Видел недавно, если я не ошибаюсь, у Немирова, некие такие забавные выкладки, дескать если Москва это вотчина поцреотов, то СПБ-точка-ру это самое что ни на есть кондовое прибежище всяческой демшизы, гайдарочубайсовских пубертатов и так далее.
Однако, подумалось, что Ленинград весь такой израненый, исколотый, какой-то приторно несчастный, словно старая учительница музыки. Раиса Георгиновна, которая старенькая, вся в ушибах каких-то, ручки нескладные, цирроз, личико желтое, вся нескладывается, но вот держится она как за тростиночку нежную за эту рафинированность свою, за театры мертвые, за фасады домов полуразвалившихся. Ленинград - это город фантомной боли, там все происходит как-бы понарошку, живут понарошку, работают тихонечко, умирают вполсилы. И никому, никому не придет в голову просто встать и сказать
- Этот город обречен, он мертв, он рассыпается, расслаивается, мертвые стонут в его мостовых; живорожденные дети на покатых берегах северной реки.
Дети прокаженные. Утром болит горло, вечером как-то совсем ничего не хочется. В квартире тускло, дряблые обои в цветочек, сыпется штукатурка. На трамвайных путях хвоя. Раиса Георгиновна верит в демократию; как ведь, Антон Семенович, сын композитора Булочникова - он за демократию, за свободу, за правду. А я его маму знала, хорошо, да, в тридцать девятом. На комоде смешные слоники фарфоровые, нэцки, столовое серебро. Фотография Митечки. Шаркают ноги тяжелые, шарк-шарк, на завтрак чаек с булочкой-с-маслом, на обед -макароны, немножко печенки говяжьей, но совсем немного, так как моэт быть Боренька заглянет - будет чем угостить. На ужин - , а впрочем неважно, можно верить в интеллегентных людей и оставаться сытым.

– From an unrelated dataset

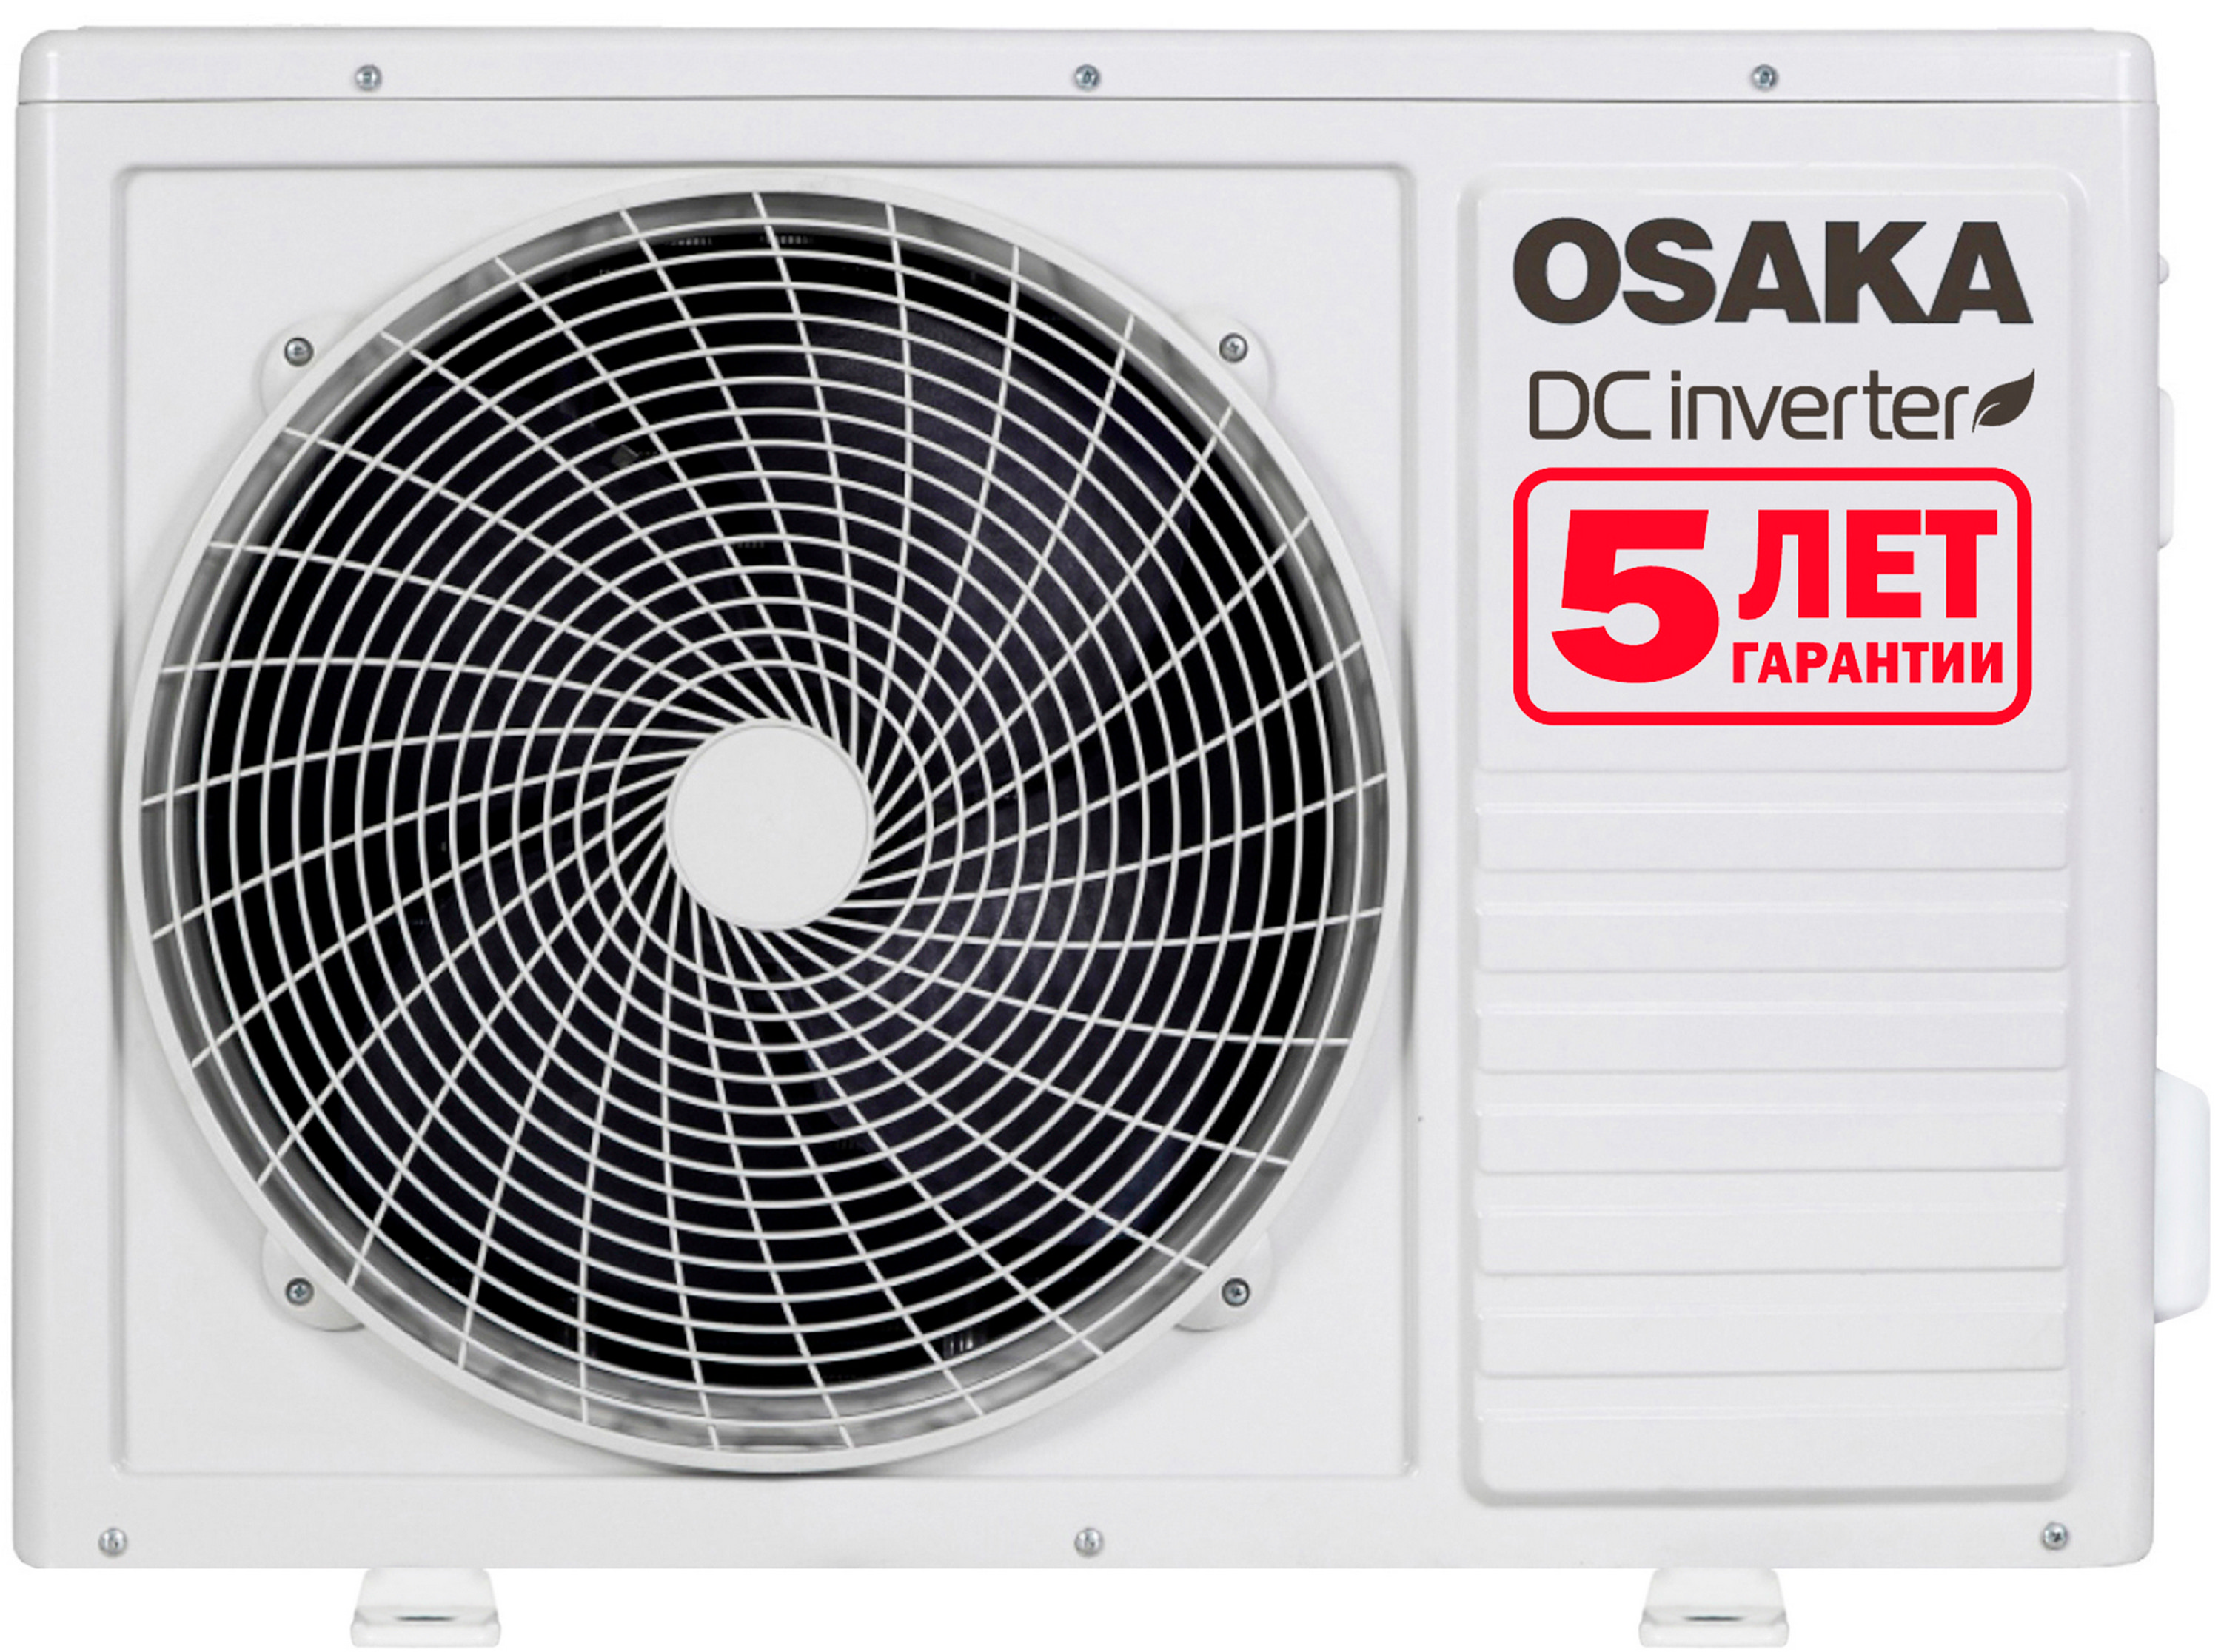 Кондиционер сплит-система Osaka Power Pro STVP-09HH отзывы - изображения 5
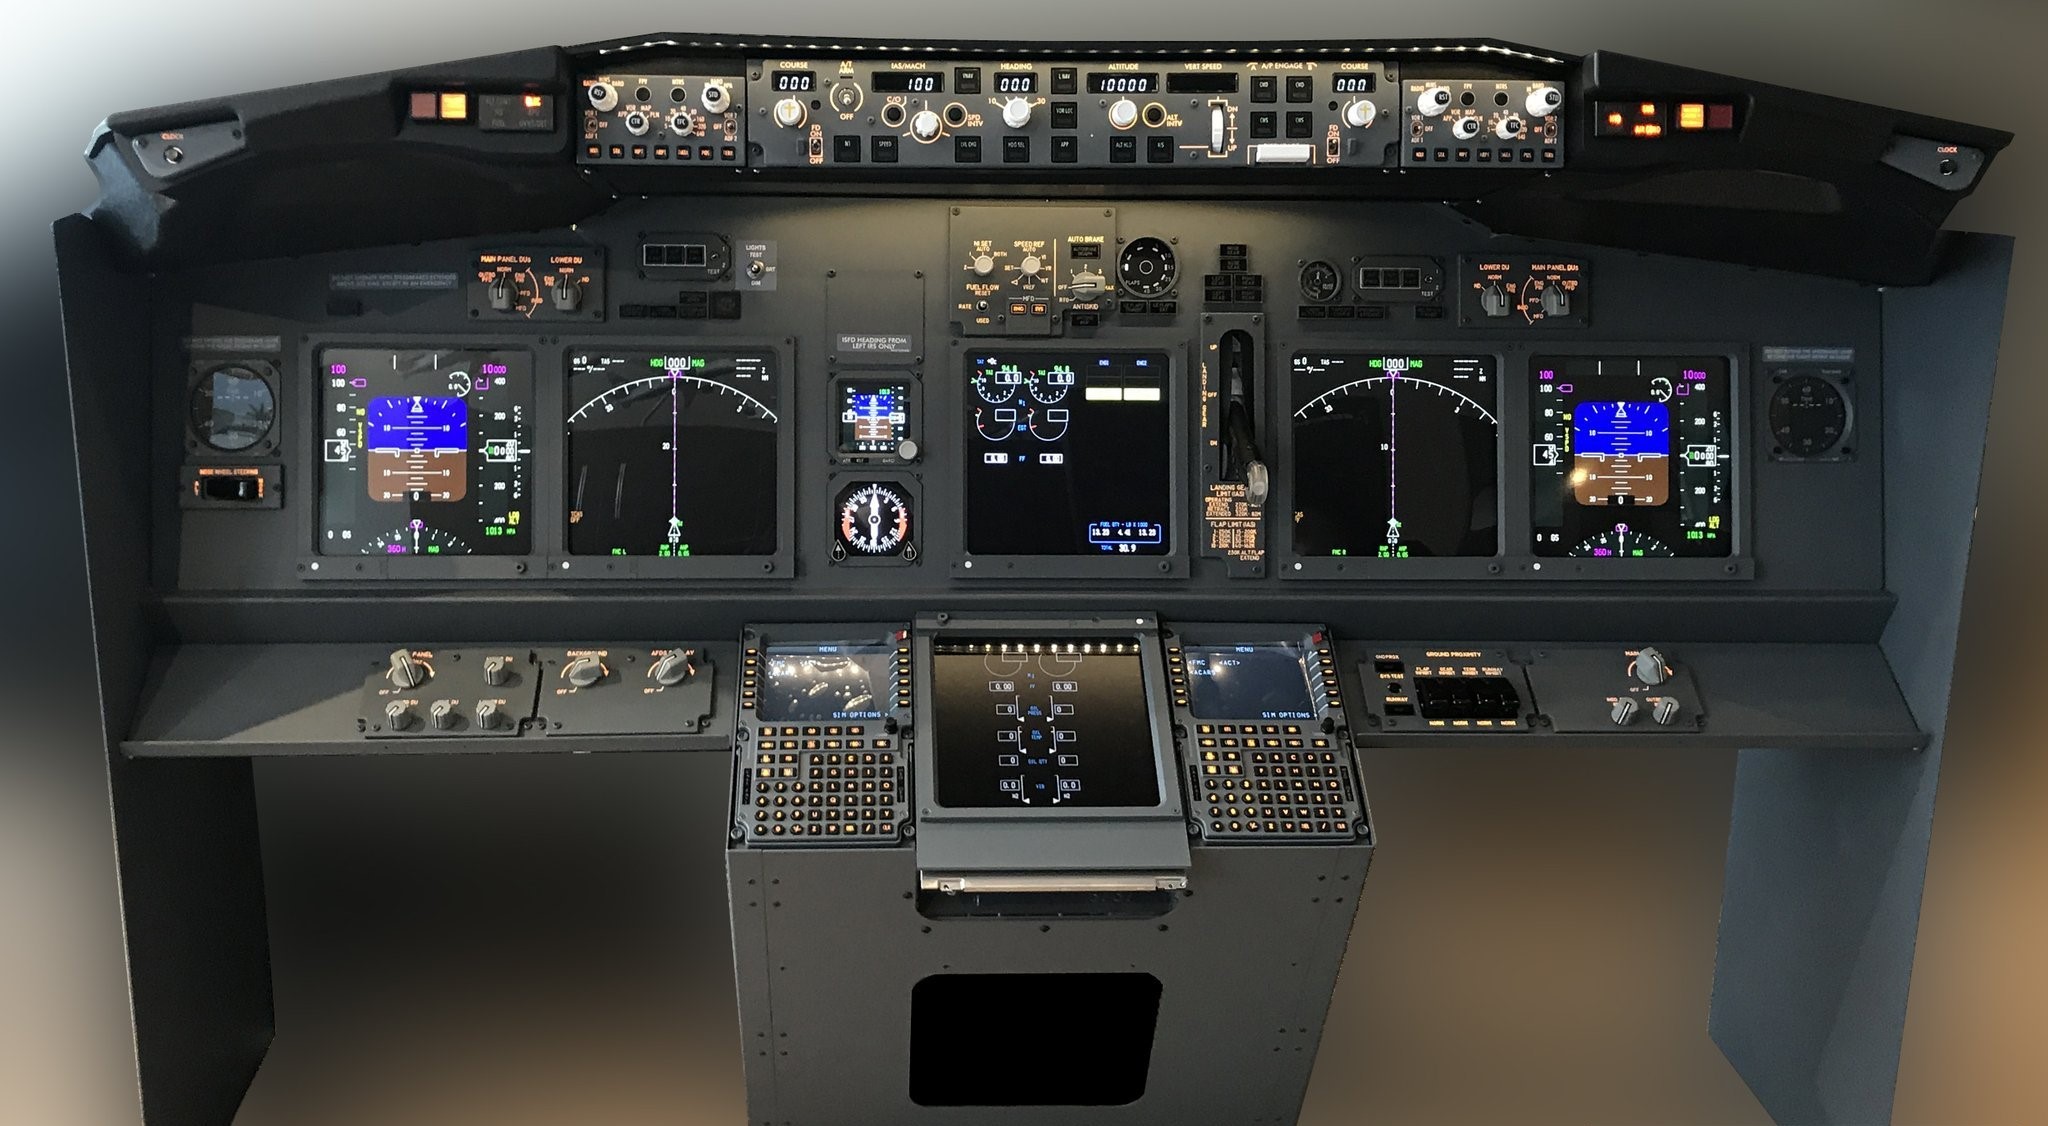 JetMax系列 飞行模拟器 方案书-9944

Ведь был режиссер Абуладзе и Сахаров был и Собчак. Все наши страдания, измученности это от чего-то такого о чем писали в "Новом Мире", Галич был тоже против, он ненавидел эту страну. Совесть у нас одна на всех, мы в блокаду одной совестью питались и ничего выдержали потому-что был Шостакович и великое русское дело, белая армия где-то была. А сосед сверху, он был спекулянт, его таскали в "Большой Дом" - он там мучился а мы здесь мучаемся, на Садовой, в коммуналке. И не дай вам бог порочить светлое имя нашего города. У нас ничего нет, ничего, не денег, не сил, не чести, не любви но у нас есть Медный Всадник, Лиговка и тридцатый автобус. И никто никогда не отнимет у нас нашего города, благо вот он за окном, грязный, ссученный, растасканный, выебанный, но наш. И я люблю его безмерно, безмерно.